一部のオペレーティングシステムベンダーがエンドユーザーに判断を委ねることを決定したことで、ZombieLoadの脅威は火曜日の朝に最初に思われたほど深刻ではなくなったことは明らかです。このエクスプロイトが実際の攻撃に使用された事例はまだ確認されていません。
インテルインテルは、テストではソフトウェアとファームウェアの緩和策によるパフォーマンスの違いはほとんど見られなかったと述べた。
ハイパースレッディングを少しずつ削減したり、完全に無効化したりすることは、Intelプロセッサのパフォーマンスに大きな打撃を与えるでしょう。しかし、Intelが公開している資料の一部を見ると、その効果は信じられないかもしれません。
同社はファームウェアとソフトウェアによる緩和策をテストし、適用後のパフォーマンスへの影響は比較的小さいと発表しました。これは驚くべきことではありません。SpectreとMeltdownの脆弱性に対する修正は、特定のワークロードを除けば、大部分が大した効果はありませんでした。
ハイパースレッディングを失うことは大きな問題となる
インテルがハイパースレッディングを無効化しても大したことではないと述べている点に、私たちは強く反対します。インテルも同様に、ハイパースレッディングを無効にしても何も問題ないという姿勢を示しています。
インテルインテルがハイパースレッディングを無効にしたデスクトップとノートパソコンのテストで、パフォーマンスの低下についてかなり楽観的な見方を示しました。しかし、私たちはこれに強く反対します。

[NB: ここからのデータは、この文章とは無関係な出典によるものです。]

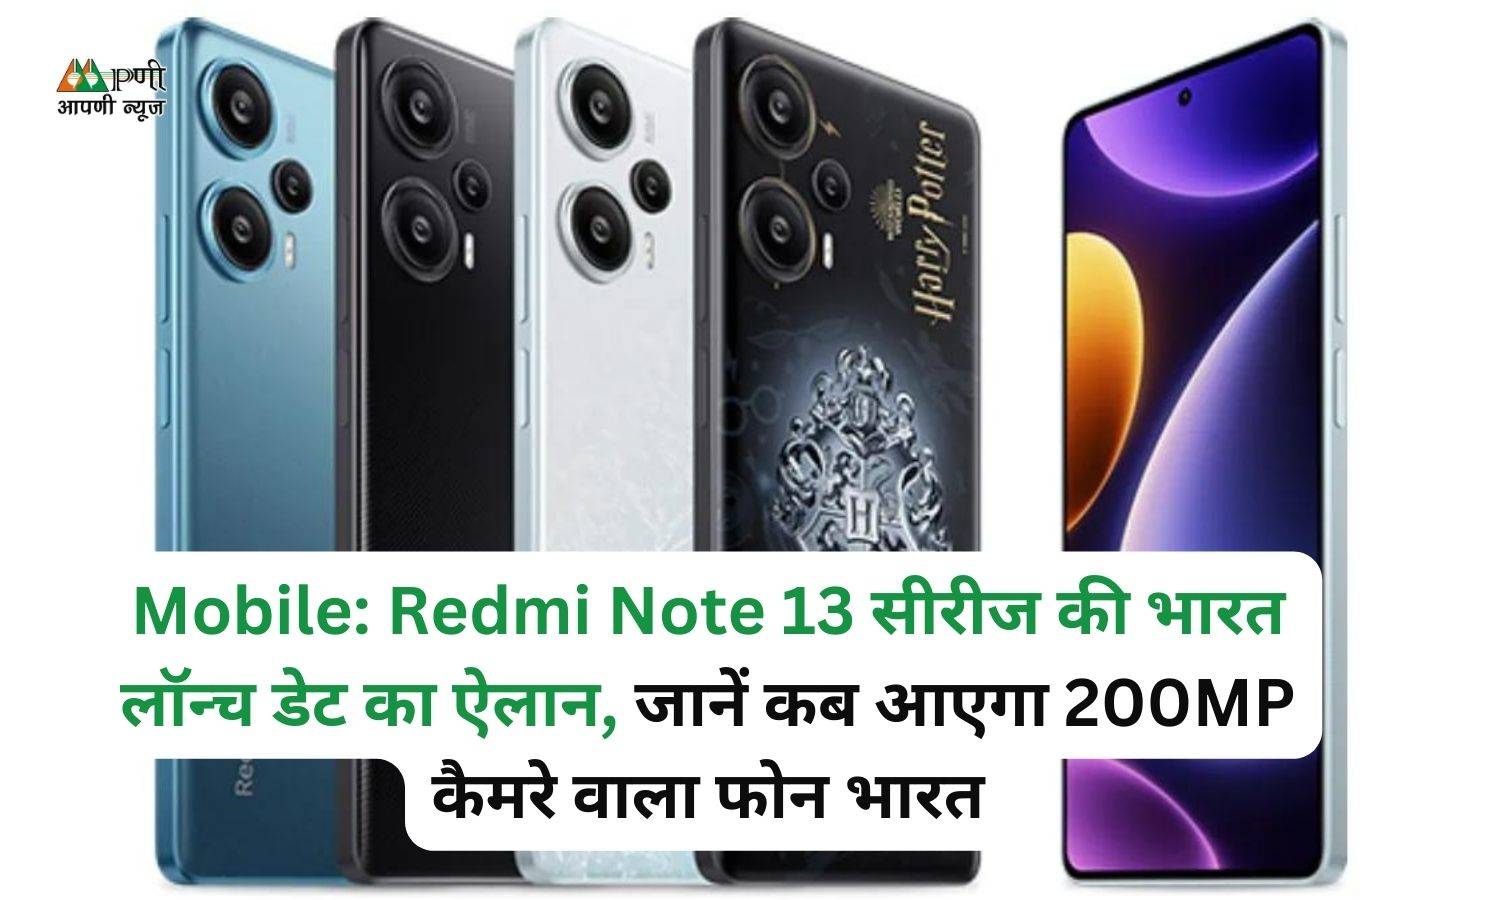 Mobile: Redmi Note 13 सीरीज की भारत लॉन्च डेट का ऐलान, जानें कब आएगा 200MP कैमरे वाला फोन भारत

Intelのテストで問題となるのは、特にマルチスレッドのワークロードを使用していないことです。もしIntelのテストでBlenderやCinebenchなどのマルチコアCPUテストを使用していたら、パフォーマンスが即座に大幅に低下していたはずです。

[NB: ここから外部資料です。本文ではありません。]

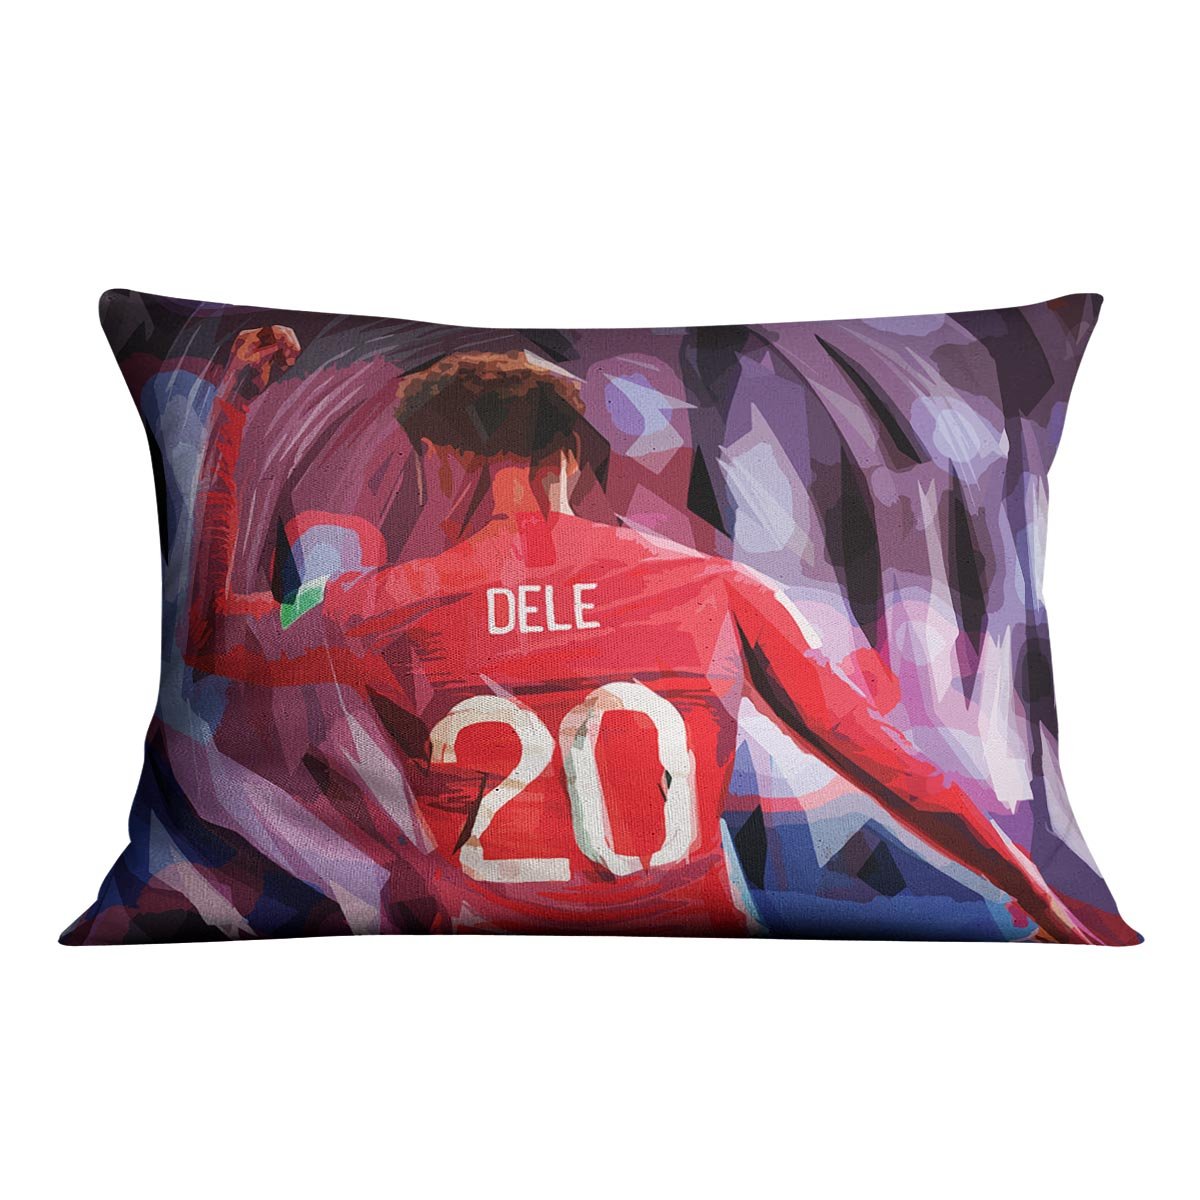 Dele Alli England Celebration Cushion

ハイパースレッディングの価値を改めて示すと、500ドルのCore-i9 9900Kと375ドルのCore i7-9700Kの主な違いはハイパースレッディングです。マルチスレッド性能を必要とするユーザーにとって、Intel CPUでハイパースレッディングをオフにすることは全く意味がありません。
慌てないで
唯一の救いは、最新かつ最高のIntel CPUを搭載しているユーザーです。Intelによると、最近の第8世代および第9世代プロセッサの多くにはすでにハードウェア修正が施されているため、Core i9-9900Kでハイパースレッディングをオフにする理由は全くありません。ZombieLoadの危険性は、どうやらやや古いCPUを搭載したPCにのみ当てはまるようです。これらのシステムのユーザーは、リスクを低減するためにファームウェアとソフトウェアのアップデートに頼る必要があり、また、ZombieLoadエクスプロイトを悪用した既知の攻撃が今のところ発生していないことを祈るしかありません。